Hereinafter, a preferred embodiment of the present invention will be described with reference to a method for recharging a standard and mini ink jet cartridge and two ink jet cartridges. However, the present invention is also applicable to ink jet cartridges other than standard and mini ink jet cartridges.

Next, a preferred embodiment of the present invention will be described in detail.

Example 1

Yellow, cyan and magenta inks are respectively injected into the absorbers H1601, H1602 and H1603 of the standard ink jet cartridge shown in FIG. Yellow, cyan and magenta inks are injected into the absorbers H1611, H1612, and H1613 of the mini ink jet cartridge shown in FIG. The absorber of the mini ink jet cartridge is approximately 15 mm in height and can hold 5 g of ink. The absorbent body of the standard ink jet cartridge is approximately 30 mm in height and can hold approximately 10 g of ink.

Hereinafter, one method suitable for refilling the recovered standard and mini ink jet cartridges having different ink capacities but the same appearance will be described with reference to Figs.

Fig. 4 is a flowchart showing a process for refilling ink in an ink jet cartridge in the first embodiment.

In the first embodiment, the process of refilling ink in the recovered ink jet cartridge is performed by the "recovery (collection) step S101" for recovering the used ink jet cartridge, the capacity of one of the absorbers of the recovered ink jet cartridge. "Absorber capacity determining step S102" for determining, "seal separating step S103" for separating the seal from the recovered ink jet cartridge, " for forming a hole passing through the top cover of the recovered ink jet cartridge.
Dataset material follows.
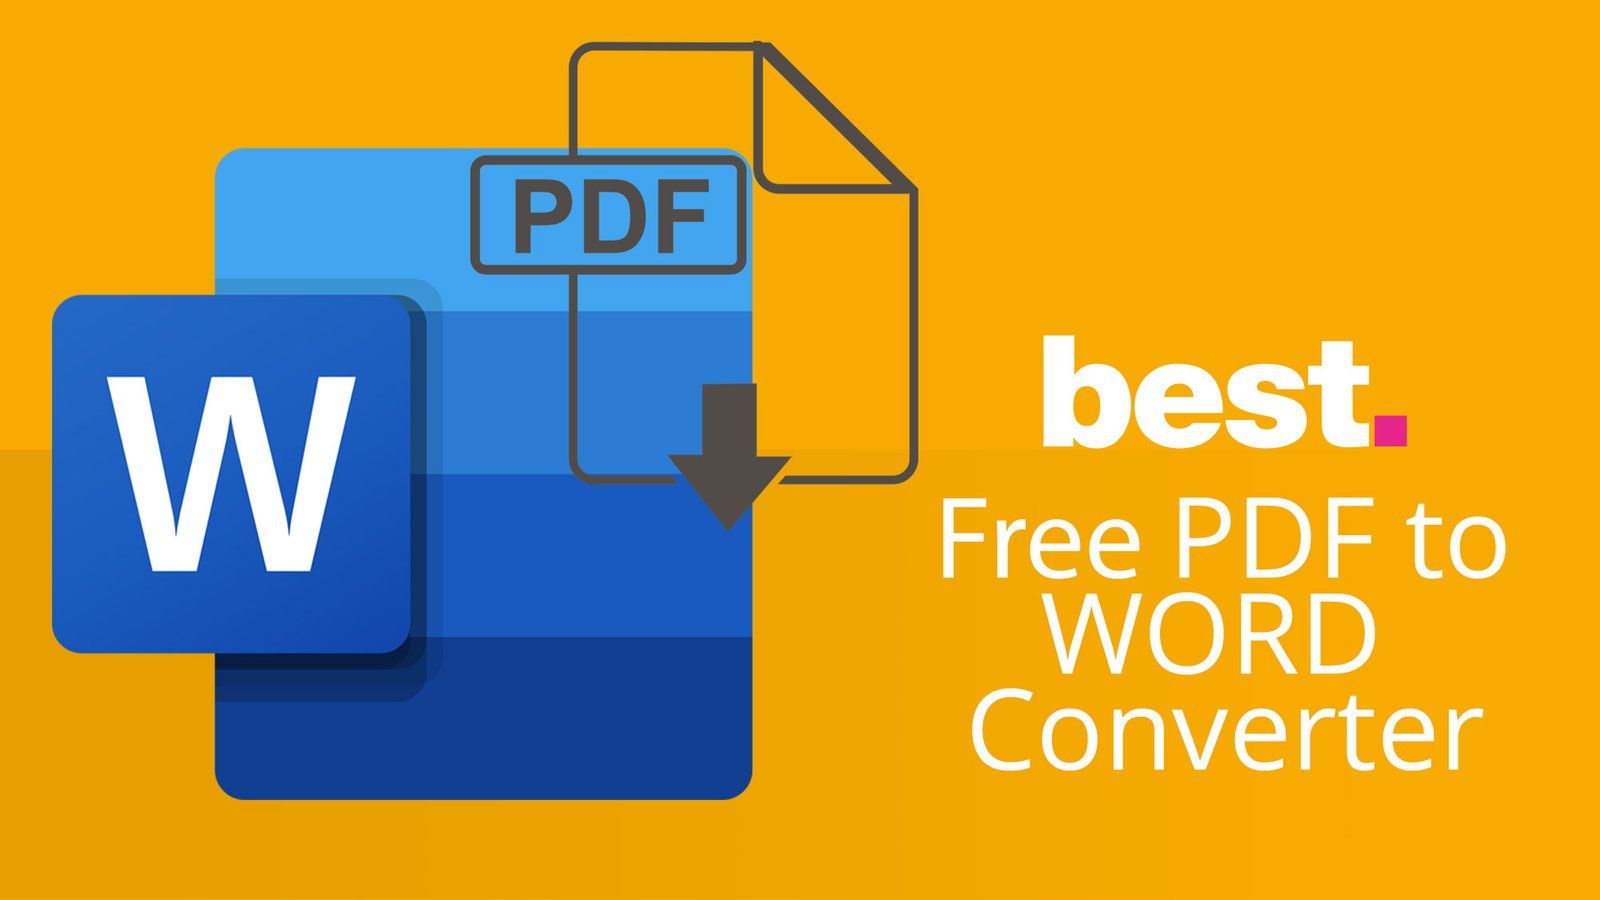 word to pdf converter offline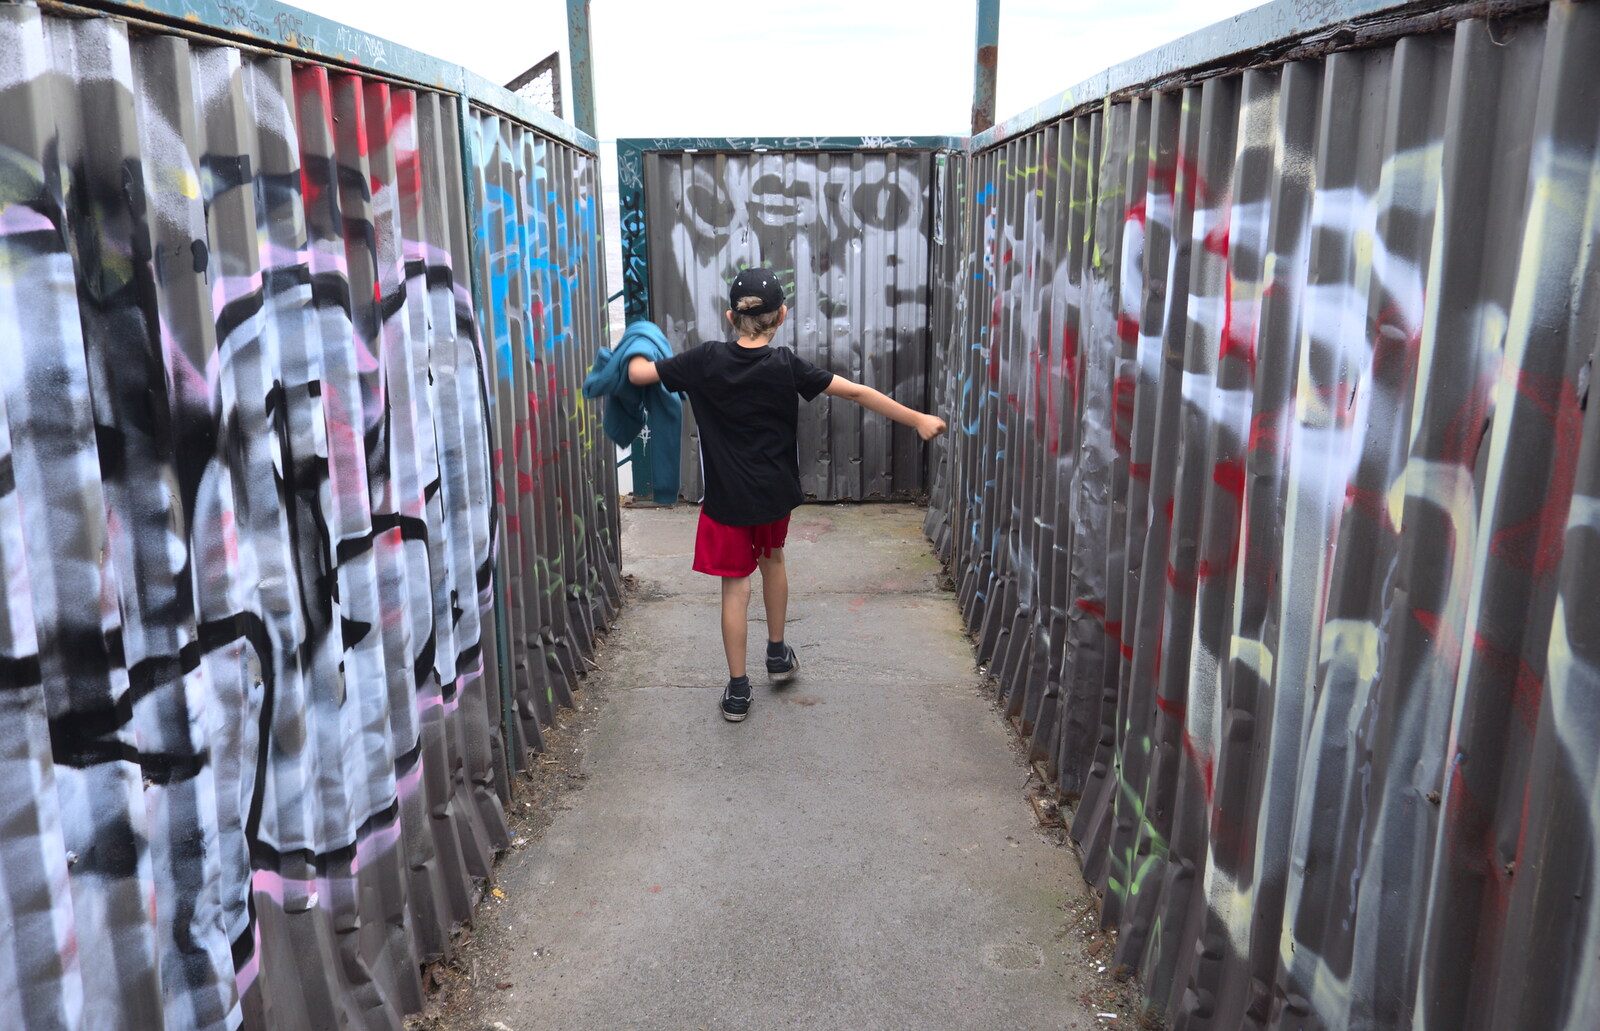 Fred on Graffiti Bridge, over the DART from A Trip to Da Gorls, Monkstown Farm, County Dublin, Ireland - 4th August 2018

Hole forming step (S104) "," remaining ink amount measuring step (S105) for measuring the amount of remaining ink in the recovered ink jet cartridge ", and the amount of ink to be injected into one of the ink storage chambers of the recovered ink jet cartridge "Ink injection step determination step S106" for determining, "Ink injection step S107" for injecting ink into one of the ink storage chambers of the recovered ink jet cartridge, and before "Seal mounting step (S108)," for attaching the seal to the refill ink jet cartridge after the refilling the ink storage chamber has a. It goes without saying that the recovered ink jet cartridge can be filled with ink using only some or parts of the above-described process to refill the recovered ink jet cartridge. The process may also change the order in which the above-mentioned steps are executed. Such modification of the used ink jet cartridge refilling process described above is within the technical gist of the present invention.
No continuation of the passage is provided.